Second, recent HIV infection accounts for 39% of new HIV diagnoses in France [45]. Here, we did not take into account the contribution of transmissions from chronically infected individuals to partners diagnosed after the PHI stage, which is also likely to have an important impact on epidemic spread [65] and rely on convenient sampling. Hence, individuals who are not tested or disengaged from care are not represented in this cohort and may also contribute to the epidemic. Though the number of early diagnoses has increased since 2011 in France, the number of late diagnoses has remained stable among MSM, and 25% of the estimated 6220 new HIV diagnoses in 2013 in France were still diagnosed at a late stage (<200 CD4 or AIDS) [45]. Another limitation of all convenience based sampling methods is that the presence of a directed link between two individuals simply reflects recent relatedness of the virus, possibly through a series of unobserved intermediaries [2]. Finally, the use of HIV pol region for HIV subtyping may have led to potential misclassification of CRF forms. However, it should not impact the HIV network inferences and the dynamic of CRF02_AG clade within the HIV transmission network presented in this study.

Conclusion

In summary, this study showed the rapid evolutionary dynamics of subtype B and CRF02_AG among PHI in France since the late 1990s. While subtype B remains the most prevalent lineage, the rapid diffusion of CRF02_AG in highly connected networks of MSM could lead to a substantial and rapid reshaping of the HIV epidemic in Western Countries.
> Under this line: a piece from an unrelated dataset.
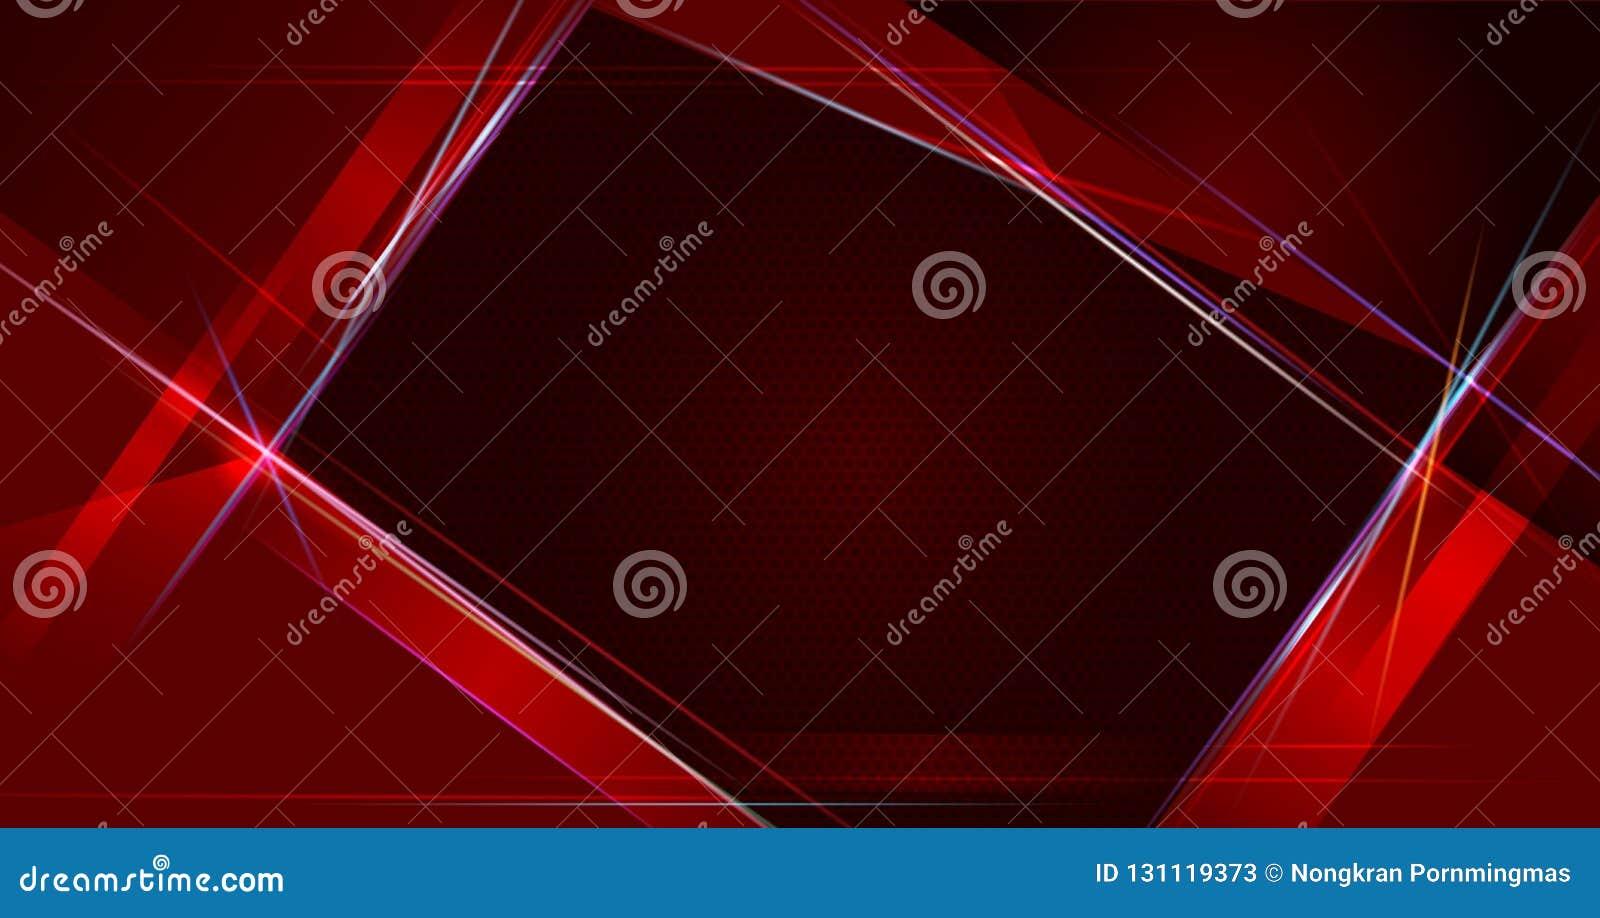 例证抽象红色和黑金属与光线和光滑的线 金属背景的框架设计

Combined with a short turnaround time for sample processing, our findings also show that identifying hotspots of HIV transmission and near real-time monitoring based on phylogenetic analyses can be an effective prevention intervention in combination with Public Health Recommendations for early treatment introduction, enhanced adherence support and partner tracing for immediate diagnosis, provision of PrEP and counseling.